BAHADIAN: Aí entra o desequilíbrio. A estratégia dos EUA era dizer: "vocês deveriam fazer a Alca porque terão acesso ao nosso mercado". Durante algum tempo predominou essa ilusão. Mas quando Celso Amorim assumiu o Ministério das Relações Exteriores, perguntamos aos americanos se estavam dispostos a negociar acesso a mercados, e na reunião de Trinidad e Tobago (outubro de 2003) o governo americano admitiu que não poderá negociar o fim dos subsídios às exportações e à produção agrícola, nem regras antidumping, que são de extrema importância para nós. Por isso, propusemos o respeito às sensibilidades de cada país, base do acordo fechado no encontro de ministros em Miami, de novembro de 2003.

Por que fracassou a estratégia iniciada em Miami?

BAHADIAN: Porque surgiu um fundamentalismo negociador. Os americanos e canadenses disseram que, não havendo regras em compras governamentais e investimentos, não havia interesse em negociar acesso a mercados. Esse foi o impasse de Puebla (fevereiro de 2004), quando os países que integram o G-14 afirmaram que teriam de reduzir suas ofertas porque o Mercosul teoricamente estava reduzindo sua proposta sobre regras. A jogada do Mercosul foi propor três rodadas imediatas de acesso a mercados e melhorar sua oferta em bens industriais, agrícolas e serviços. Mostramos disposição para negociar uma maior abertura em setores como finanças e telecomunicações. Essa argumentação provocou uma crise no G-14, que teve de calar a boca porque fizemos uma oferta sobre serviços.

O G-14 está tentando impedir o acordo?

BAHADIAN: Acho que eles não podem assumir o que foi acertado em Miami. Primeiro porque a política externa americana tem interesses claros, como a proteção da

propriedade industrial. Segundo, porque a maioria dos países do continente, com exceção do Mercosul, tem acordos com os EUA nos quais as regras sobre propriedade industrial são mais rígidas do que as que seriam obtidas na Alca. Estes acordos são como um Papai Noel de shopping: são magrinhos e carregam caixas de presentes vazias. Se os EUA aceitassem as demandas do Mercosul teriam de baixar o nível dos acordos já assinados ou enfrentar as queixas dos parceiros.

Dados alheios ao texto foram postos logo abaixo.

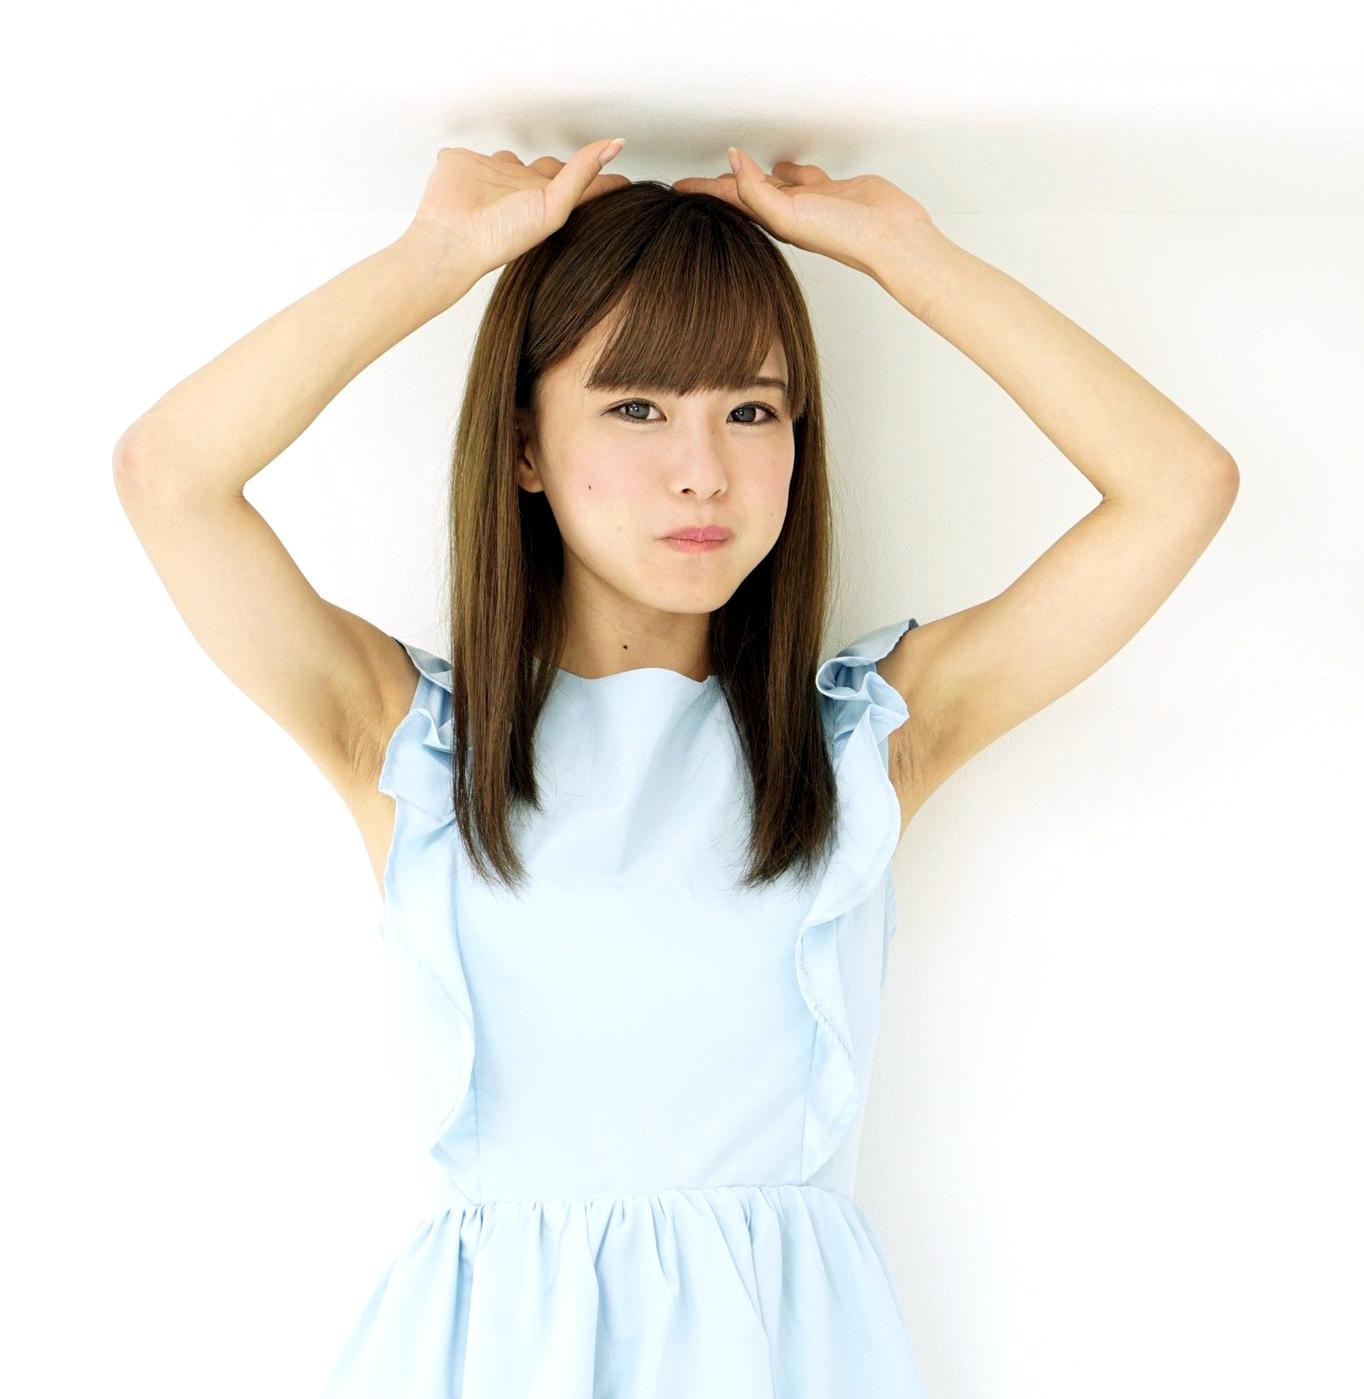 田中優衣のザラ腋 (4)

Qual é o estado atual da Alca?

BAHADIAN: Estamos num impasse de difícil solução. Para avançar nas negociações temos de respeitar Miami e realizar rodadas de acesso a mercados.

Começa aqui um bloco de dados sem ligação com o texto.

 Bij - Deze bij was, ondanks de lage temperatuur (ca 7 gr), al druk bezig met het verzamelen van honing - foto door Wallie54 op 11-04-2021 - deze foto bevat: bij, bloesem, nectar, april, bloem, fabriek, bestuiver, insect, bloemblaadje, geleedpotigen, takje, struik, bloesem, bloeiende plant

A Alca proposta pelos EUA é assimétrica?

BAHADIAN: Sim, porque não nos dá acesso real ao mercado americano de produtos agrícolas e propõe uma ampliação de regras que são difíceis para países como o Brasil.

Assim não interessa. Nos últimos meses, tornamos mais clara a negociação e mostramos que não há nada de ideológico na posição brasileira.

A bola está do lado dos americanos...

BAHADIAN: A bola está do lado do G-14. O Mercosul fez propostas que viabilizariam Miami. E do lado do G-14 o que recebemos foram propostas mais rígidas.

O senhor se sente frustrado?

BAHADIAN: Não, sinto-me satisfeito porque conseguimos tornar o jogo mais claro. O que parecia ser uma grande perspectiva não é mais. Nós não destruímos a Alca, fizemos uma proposta que tem base e se mostrou uma postura que preserva os interesses das partes. O problema é que um dia nos dizem que a casa é de palha e no outro, que é de cimento. Agora chegou a hora da verdade. Não sei qual será a resposta dos americanos, mas num ano eleitoral eles deverão decidir o que é melhor para seus interesses.